In sustaining petitioner’s contentions we note that our conclusion has been shared by the determination in Mitchem v. Perry (390 S. W. 2d 600 [Mo.]), which, coincidentally, deals with the same colleges and degrees appearing in the instant case. We note, further, that appellants in no way challenge respondent’s contention that the medical licensing authorities in the States of Alabama, Colorado, Indiana, Mississippi, Missouri, New Jersey, Oklahoma, Oregon, Rhode Island and Texas have denied recognition to, and have declined to inscribe, the California College of Medicine “ M.D.” degree here in question.

Of more than passing interest, those physicians similarly situated as the interveners, but practicing in California, were, upon the changeover, compelled to make a choice whether to continue with the use of D.O. or change to M.D., to the exclusion óf D.O. The statutory scheme of licensing in New York cannot be interpreted to grant greater rights and privileges and, since they cannot be licensed as M.D., they must be relegated to the use of the D.O. inscription.

It appears that the petitioner had sought correction of the inscriptions for some time, most of which was consumed with negotiations and conferences with appellants, and thus no claim *117of laches can be upheld since the complained-of violations also constitute a continuing failure to obey the statutes (Matter of Cash v. Bates, 301 N. Y. 258; Southern Leasing Co. v. Ludwig, 217 N. Y. 100, 104; Matter of Meyer v. Commissioner of Public Safety, 39 Misc 2d 608).

We are unable to agree with appellants that there should be a dismissal of the proceeding because of the nonjoinder of necessary parties, to wit, all New York State holders of “ D.O., M.D.” licenses. The instant proceeding being in the nature of mandamus, it was not necessary to proceed against anyone except that body or those bodies whose determination is sought to be reviewed. In any event, the question having been raised for the first time on appeal it cannot now be considered (Jones v. Gould, 200 N. Y. 18; 10 Carmody-Wait 2d, New York Practice, § 70:300, pp. 563-564).
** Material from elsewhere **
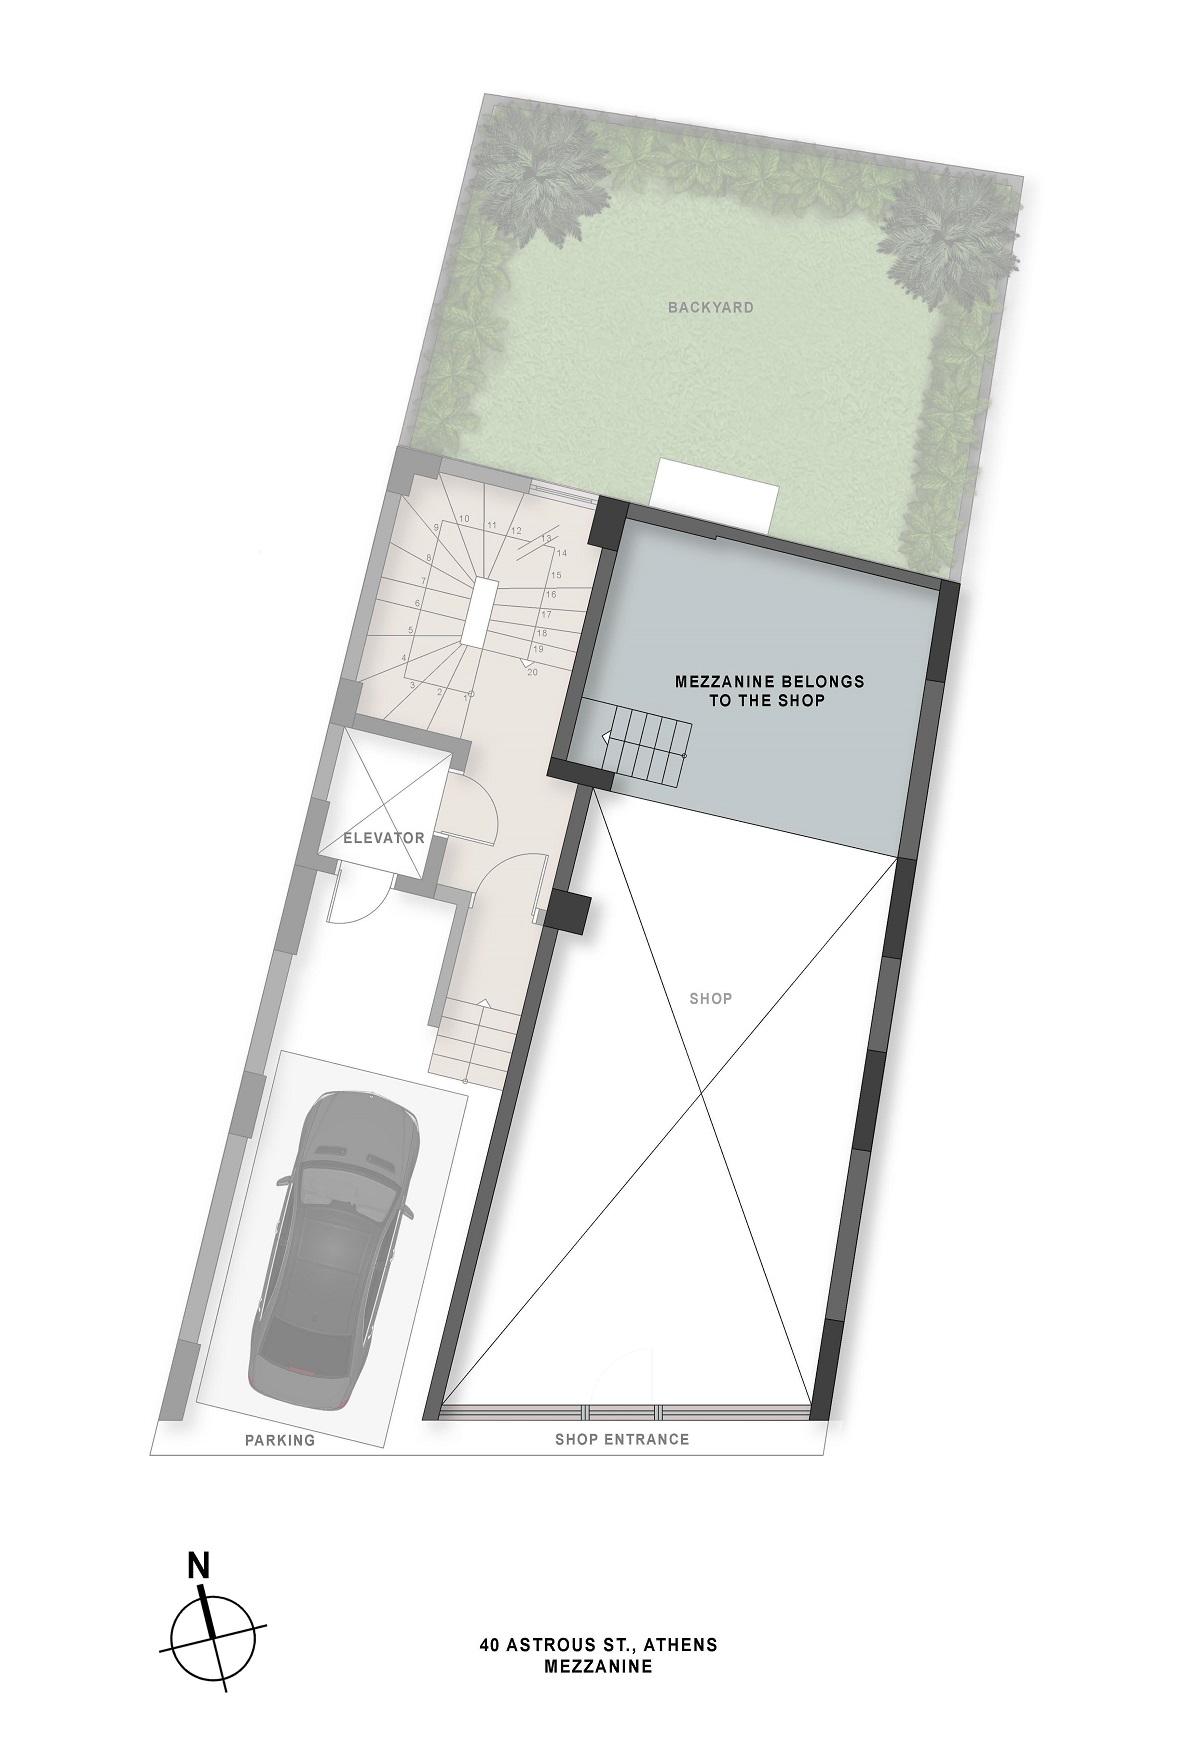 Astrous 40 mezzanine plan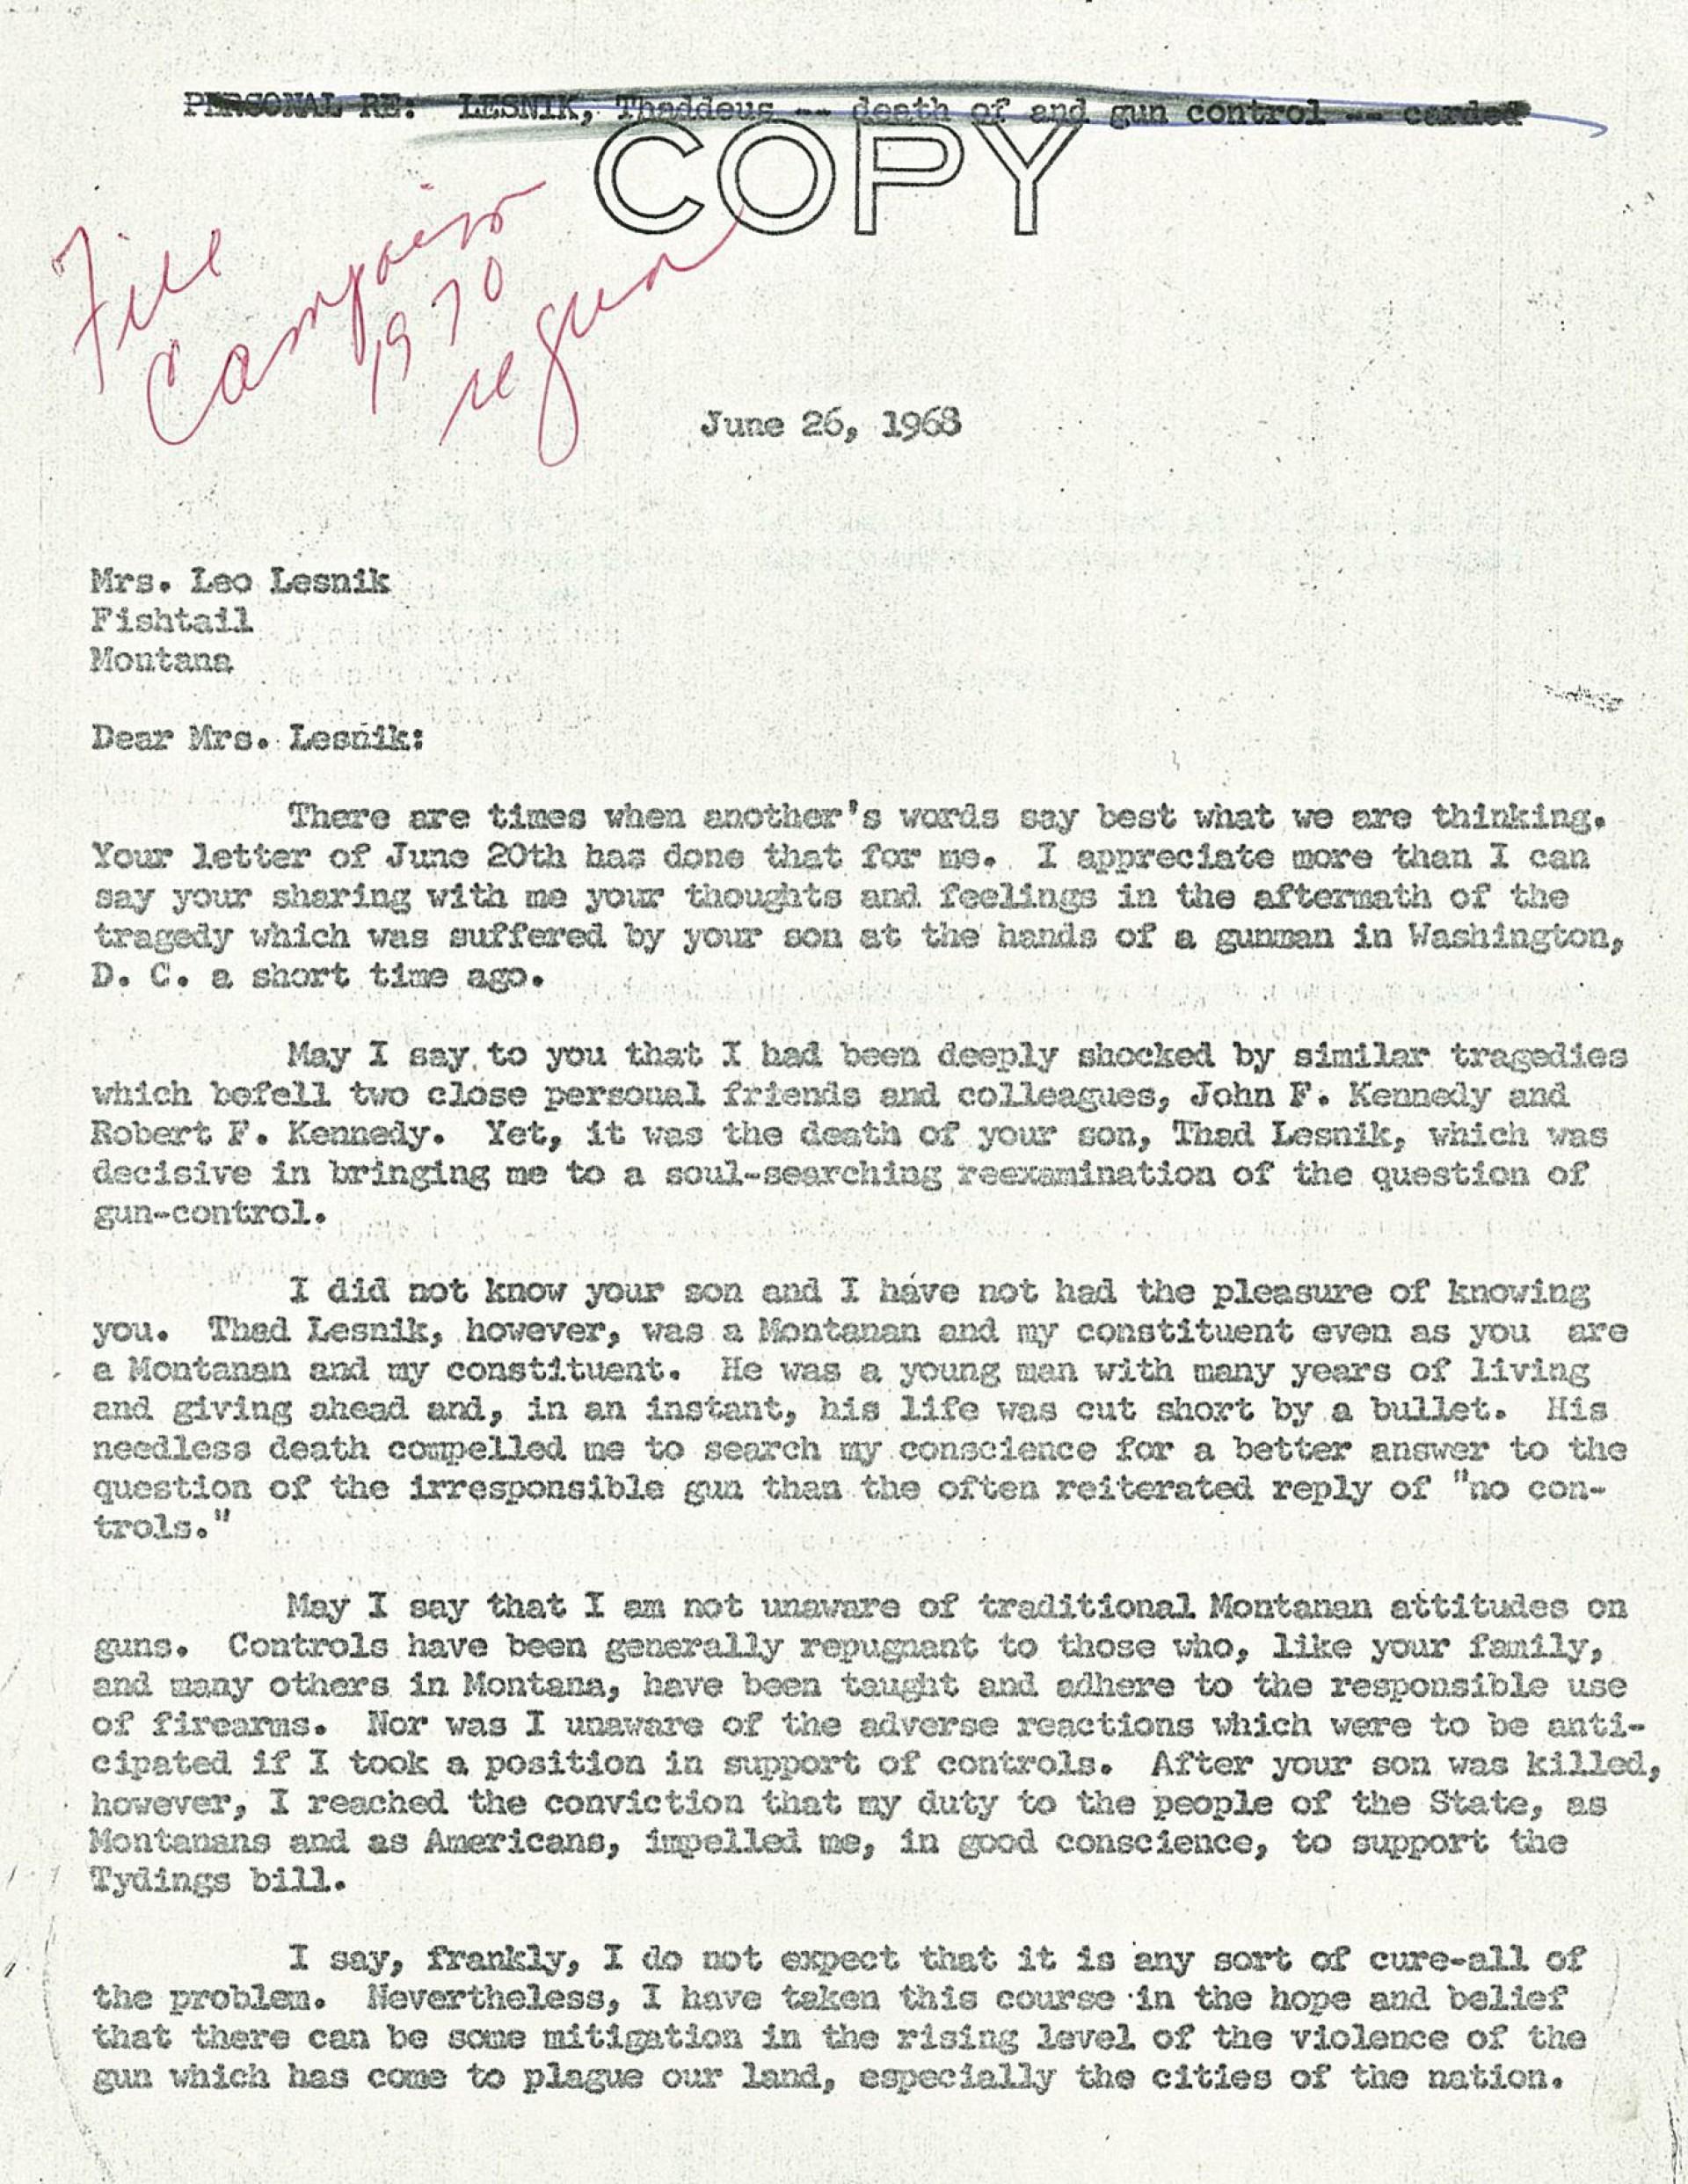 004 Gun Control Argumentative Essay Pro Essays Concl Outline Pdf Introduction Conclusion Topics Thesis Anti Against On Incredible Laws Stricter 1920

We must also reject the contention that the intervenors were entitled to the additional inscription under the full faith and credit clause of the Constitution for if we were to assume that an M.D. degree, even if obtained in the ordinary and usual manner, constitutes a license to practice medicine, it would still not be entitled to automatic recognition by virtue of this clause. (State v. Rosenkrans, 30 R. I. 374, affd. 225 U. S. 698.) Finally, appellants erroneously urge that they are being deprived of a property right in violation of the due process clause of the Constitution and will sustain economic loss. Distinctions made by the Education Law among differing medical practitioners have been held to be proper (Wasmuth v. Allen, 14 N Y 2d 391, app. dsmd. 379 U. S. 11) and should be here followed.

The action of the appellants obviated the clear intent of the quoted sections of the Education Law and constituted an arbitrary and discriminatory act which impels us to uphold the determination appealed from.

The judgment should be affirmed, with costs.